> [Try it] Every picture is to be removed, and all the data is to be copied exactly.

> [Supplied data]
+ + + + +

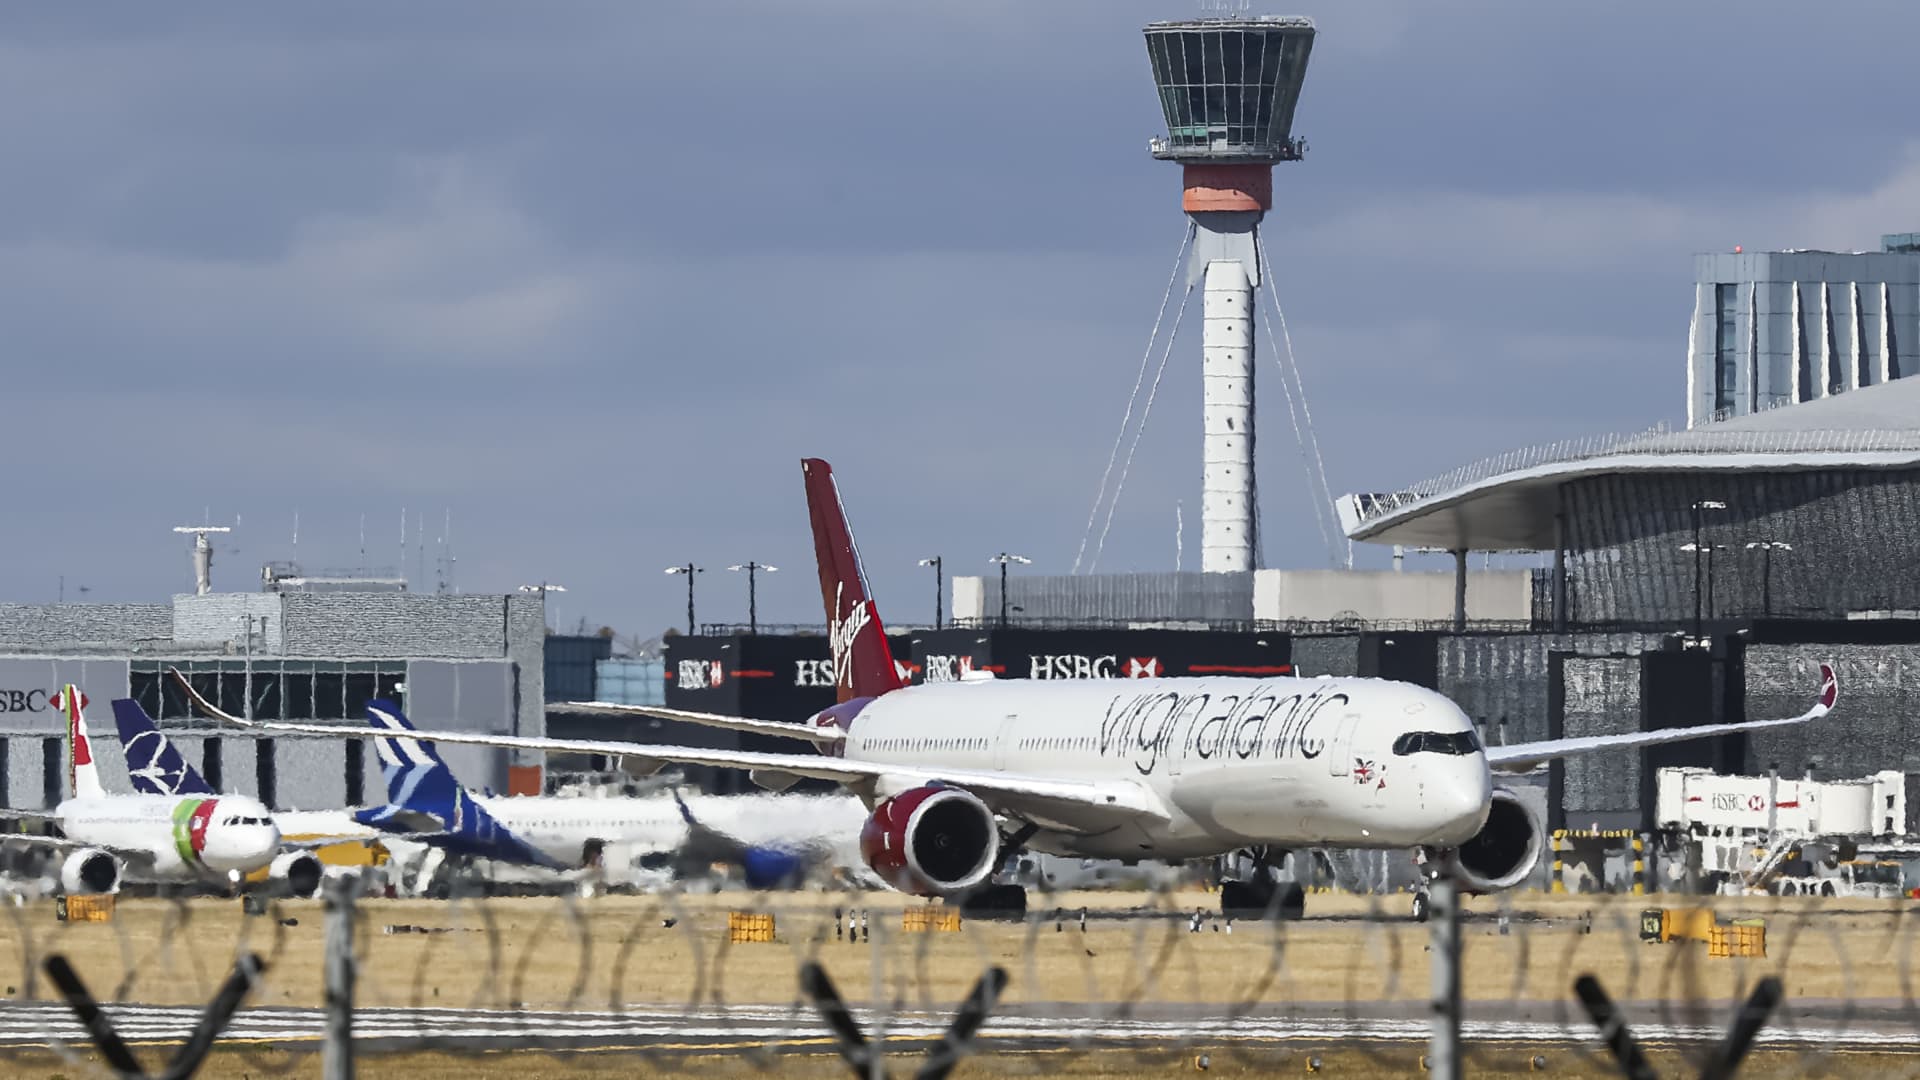 Flights disrupted across UK as air traffic control reports a ‘technical issue’
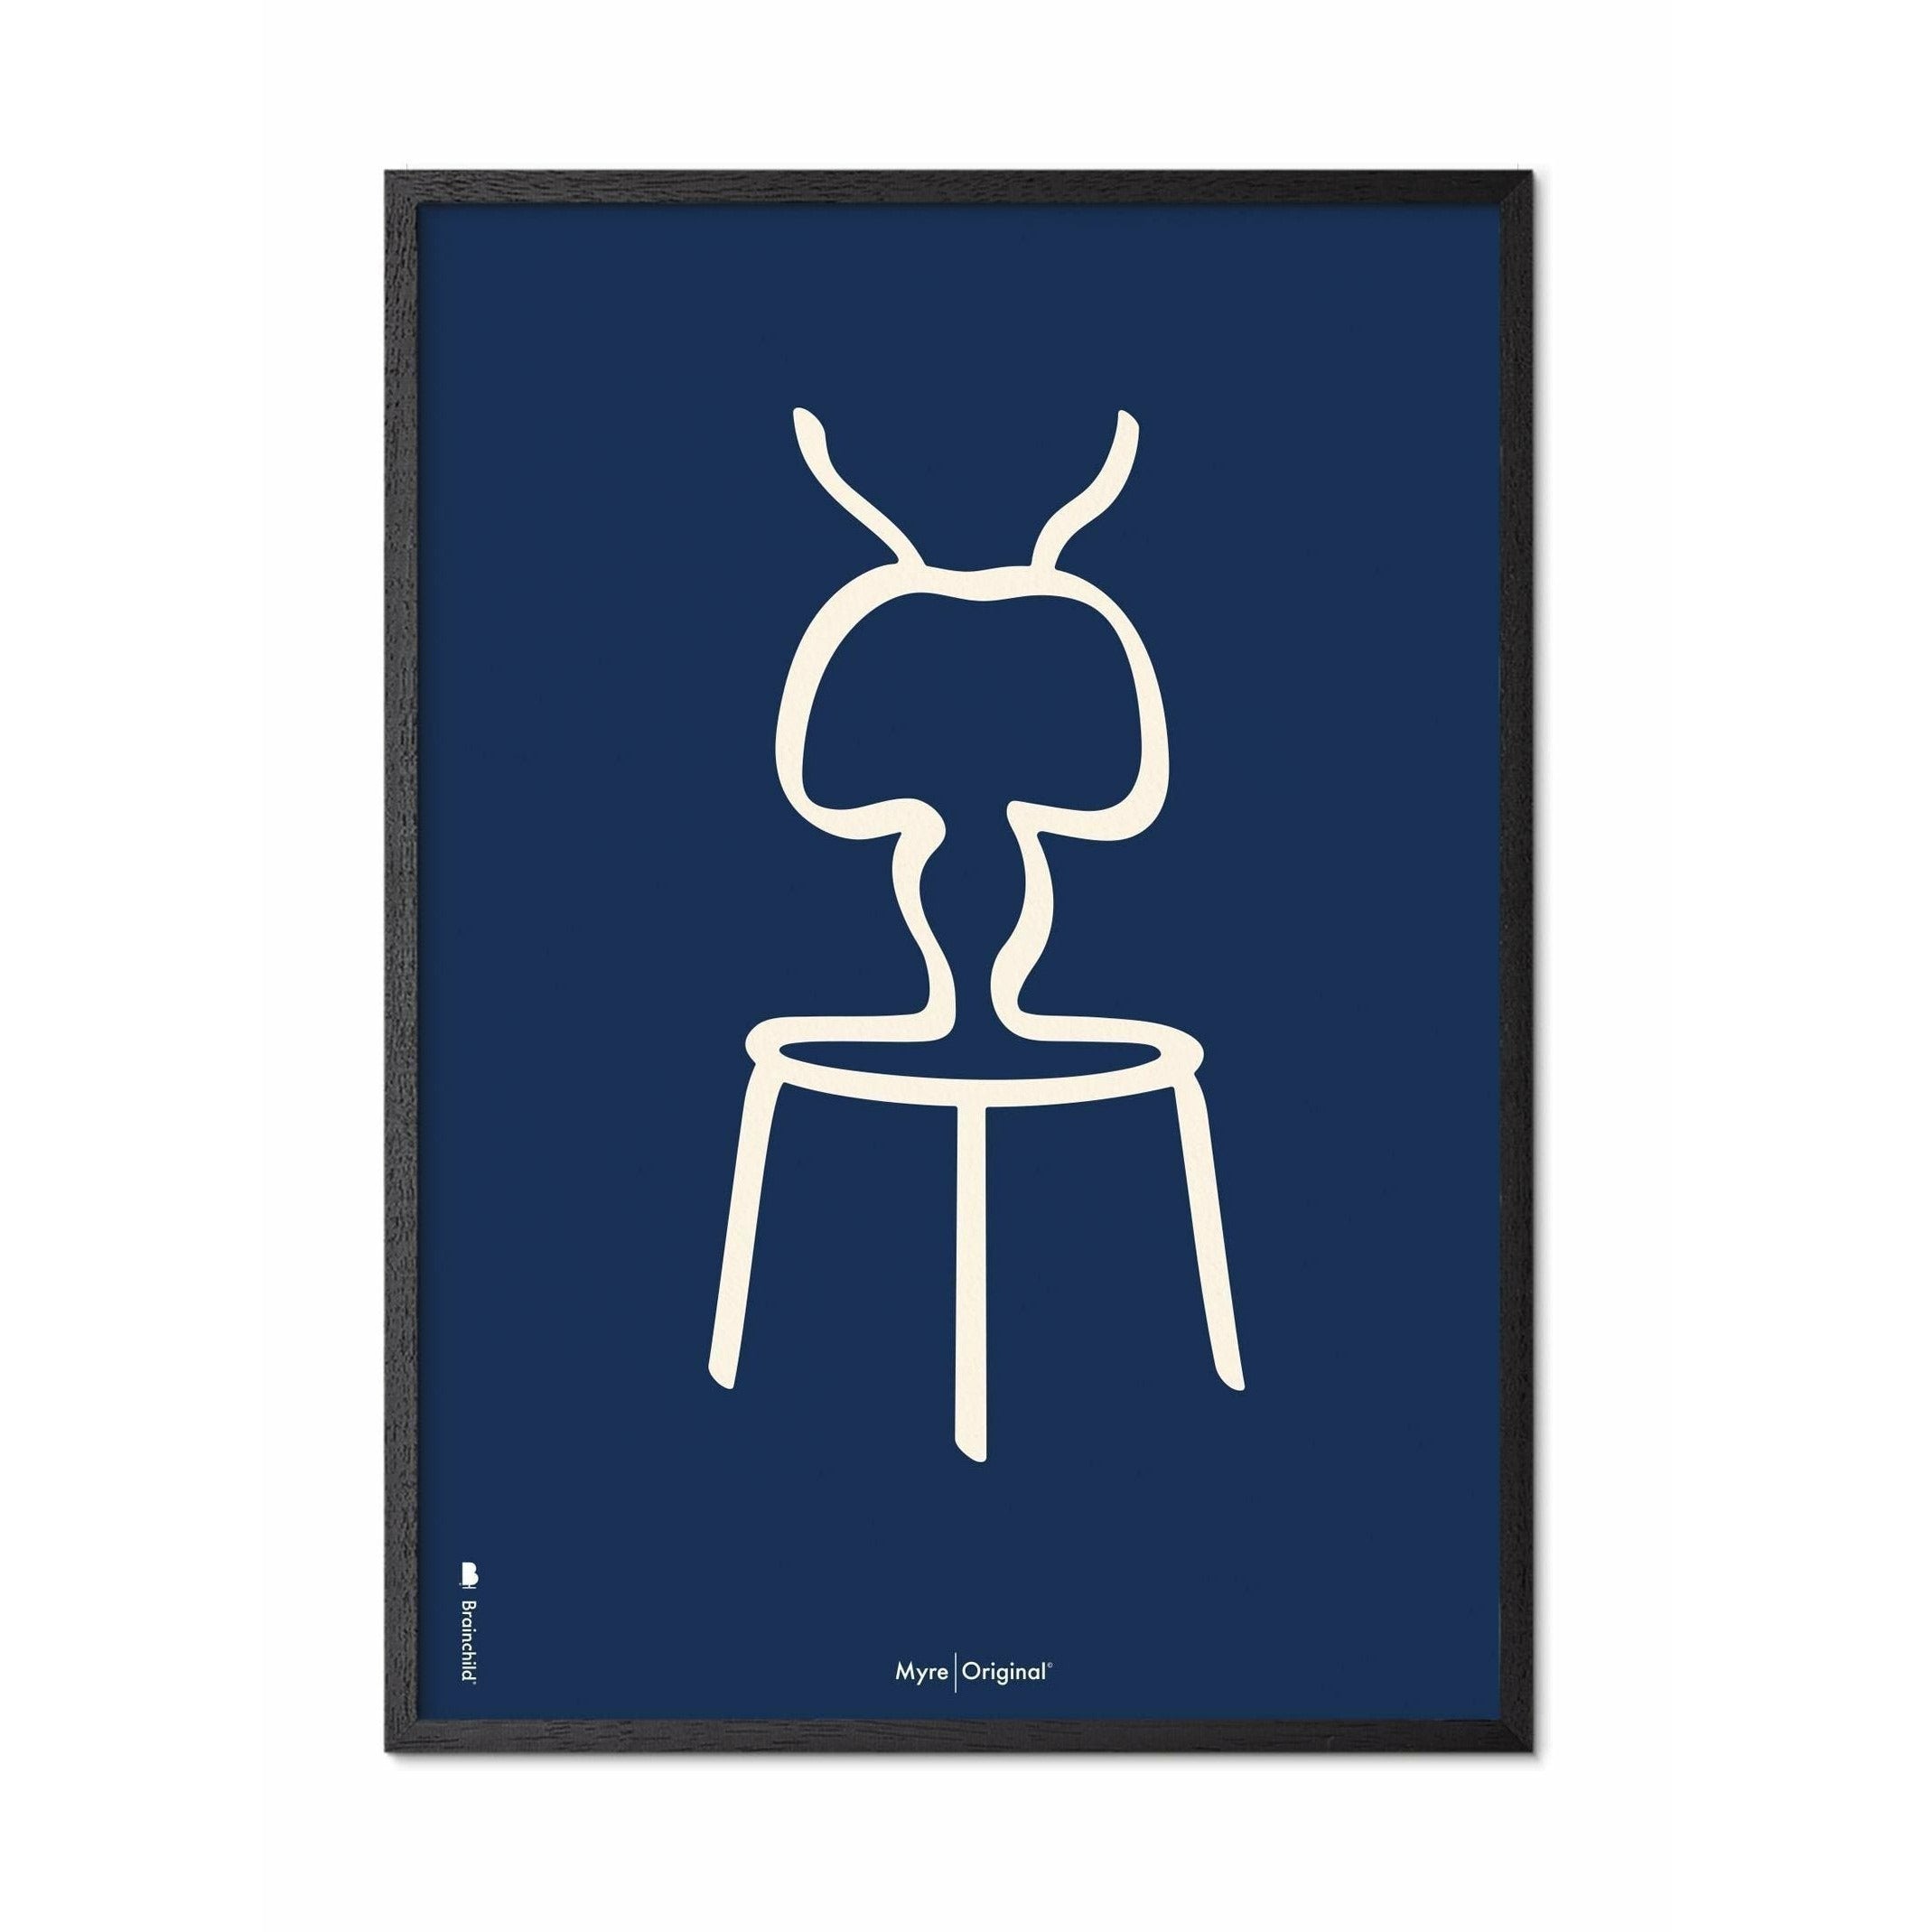 Brainchild Ant Line Poster, Frame In Black Lacquered Wood 30x40 Cm, Blue Background
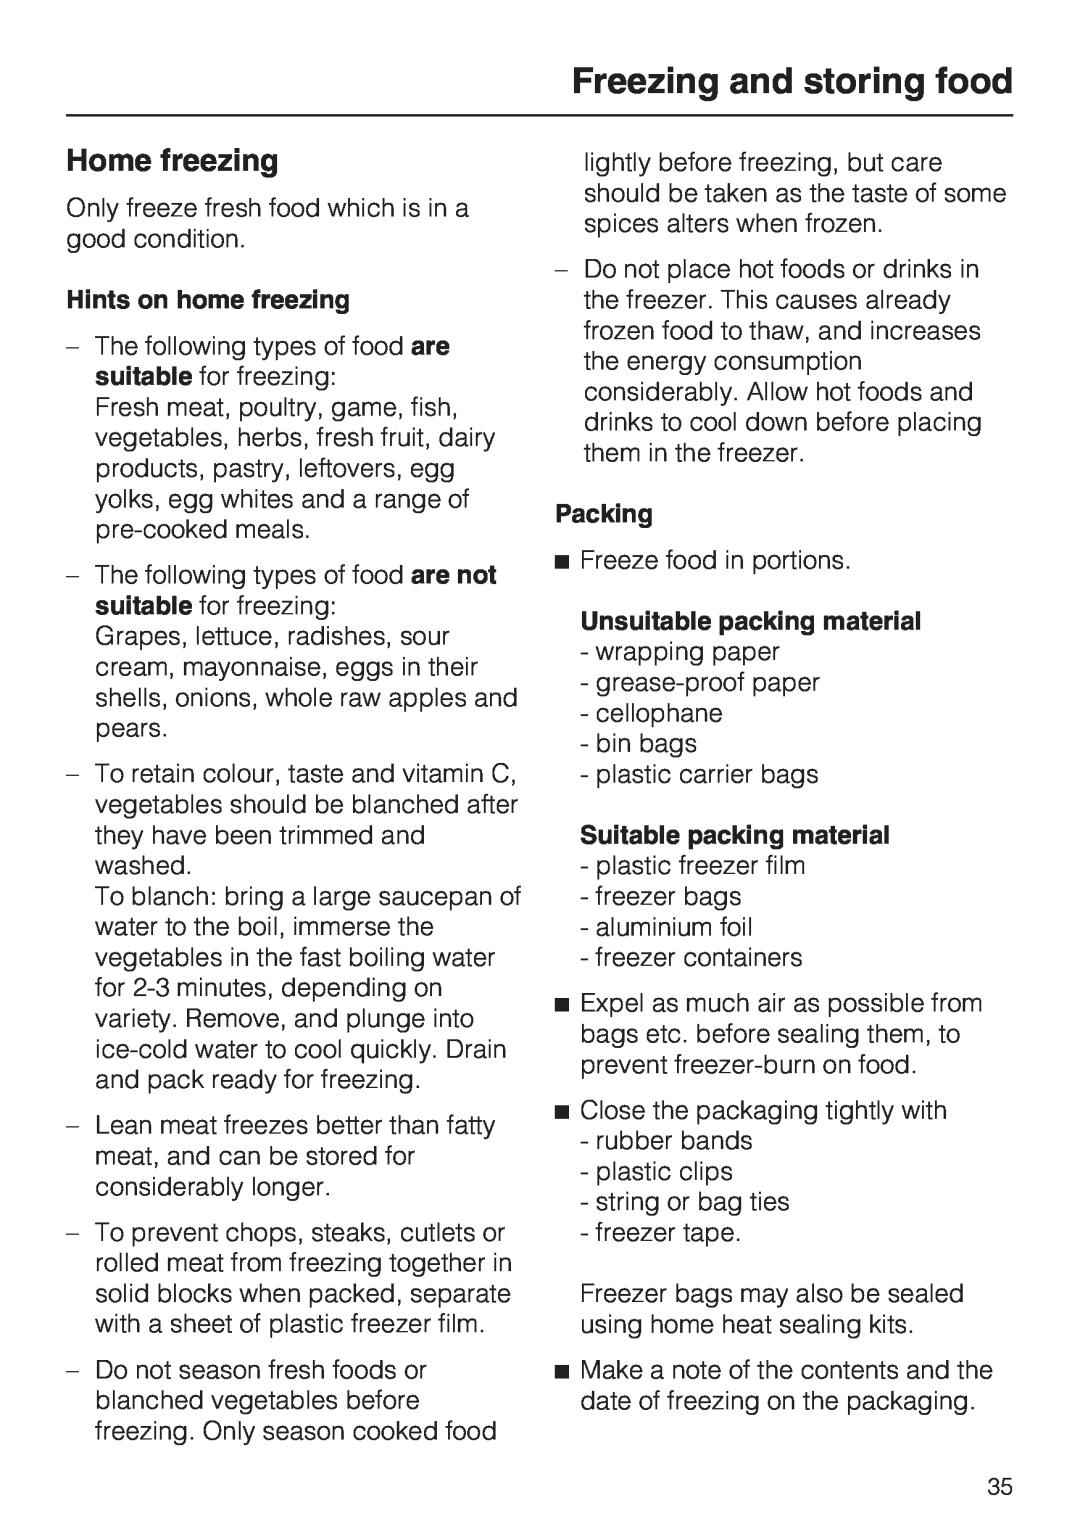 Miele KFN 14947 SDE ED Home freezing, Hints on home freezing, Packing, Unsuitable packing material

+ + + + +

> [Output for this task]
 Flights disrupted across UK as air traffic control reports a ‘technical issue’
 Brainchild Ant Line Poster, Frame In Black Lacquered Wood 30x40 Cm, Blue Background
 Miele KFN 14947 SDE ED Home freezing, Hints on home freezing, Packing, Unsuitable packing material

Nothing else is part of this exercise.